I have broken every rule that the "experts" keep telling us for setting up a compost pile, so according to them, this pile should never work and will just sit there attracting animals. We shall see.
The size of the test pile came out to be about 3-feet wide, but only 2-feet tall which according to the "experts" will not be large enough to generate enough heat to kill off any harmful bacteria and weed seeds which I know this pile is full of. I intentionally added a full pound of weed, grass, and wildflower seeds to the pile mixture as I was setting it up to see if any of them would germinate. I made sure the pile was thoroughly damp which takes a lot more water than you would think. The main problem that most people have with their compost pile is that they simply do not give it enough water.
Because this material was shredded down so fine, it actually took about twice the amount of water that I normally have to put on a pile before it felt damp. I spent over 30-45 minutes just adding water to the pile and turning it to check the moisture level inside. The outside seemed very wet however within about 2 or 3 inches inside the pile it was still bone dry. So by continually turning and mixing the pile while I added water to it I was able to make sure that it was all wetted down.

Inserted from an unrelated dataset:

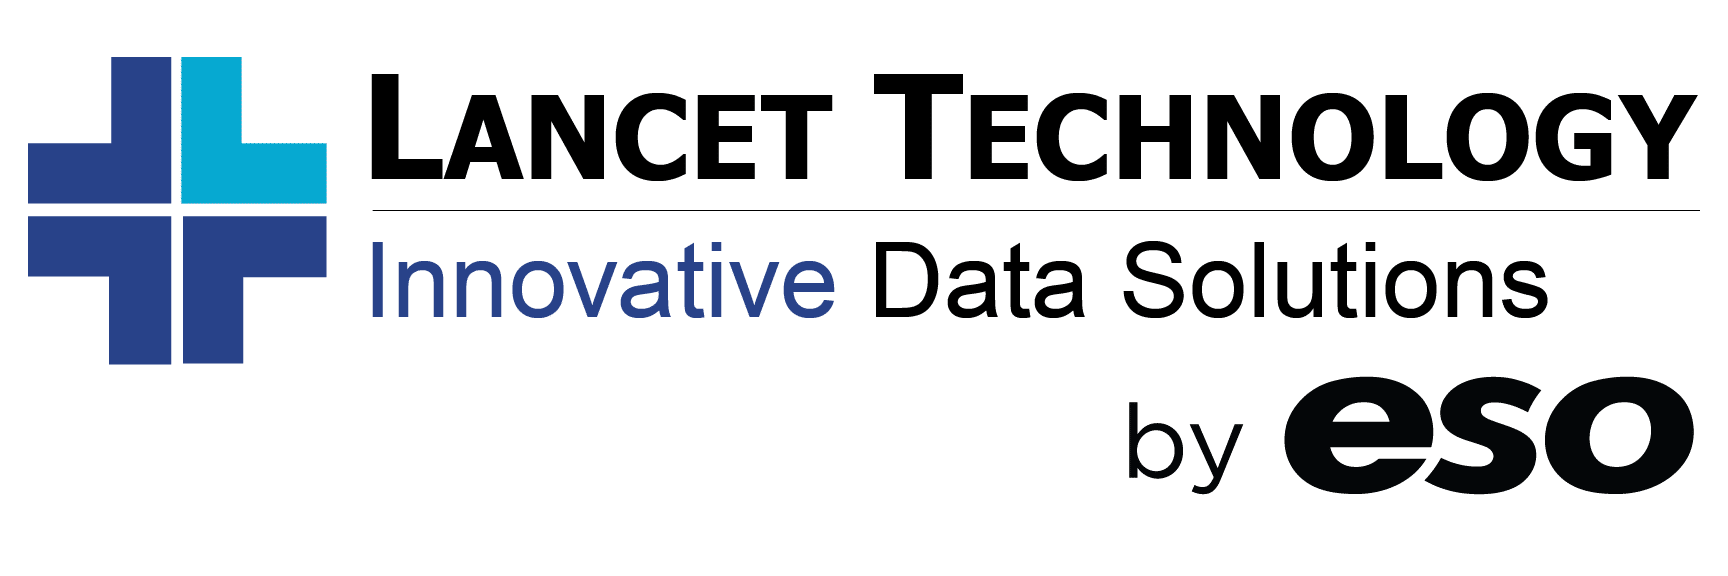 Lancet Technology by ESO logo.

I then stuck a compost thermometer into the center of the pile and got a tarp ready to cover the pile with to keep the water inside it from evaporating and to keep it from getting too wet if it rained.
As I was getting the tarp pulled up over the compost pile I noticed that the temperature has already reached 100 degrees within 15-minutes of setting this pile up, indicating that I already have an "active" compost pile. Normally I do not see a temperature increase for about 4 to 6 hours when I create a pile the way the "experts" say to do it. Strike 1 for the compost "experts", the pile does start quickly by mixing it all up together.
And I did not add either finished compost or manure to the pile, yet it started heating up within 15 minutes of setting the pile up. I guess that blows that theory out of the water as well. Strike 2 for the "experts".
The following morning when I checked the thermometer I saw that the temperature had risen overnight and the pile was cooking away at 140 degrees Fahrenheit. Remember when they said if the pile was not a minimum of 3-cubic yards and created in distinct layers that it would not quickly reach the correct temperatures to kill off harmful pathogens and seeds? Well, the temperature that is needed for that to happen is between 120 to 160 degrees Fahrenheit, which we are well within. Strike 3 for the "experts". The pile will generate the required heat even though the pile is smaller because the microbes in the pile are actively breaking down the materials.
So far that have been no animals attracted to the pile from the meat and dairy products that I added, but I can guarantee that even if they were, an animal will not go into a pile that is running at 140 degrees looking for an easy meal. Strike 4 for the compost "experts".
Well, so far the "experts" have not been able to get anything right. I am proving that by going against every single one of their rules, I am still able to have a hot active compost pile. Shows how much the "experts" really know about composting.
Let the "experts" do their thing, and you do you. Don't worry about how the "experts" say that you have to setup a compost pile. As I have shown, you can screw up and break all the rules and still have a good compost pile, so don't worry about all their rules.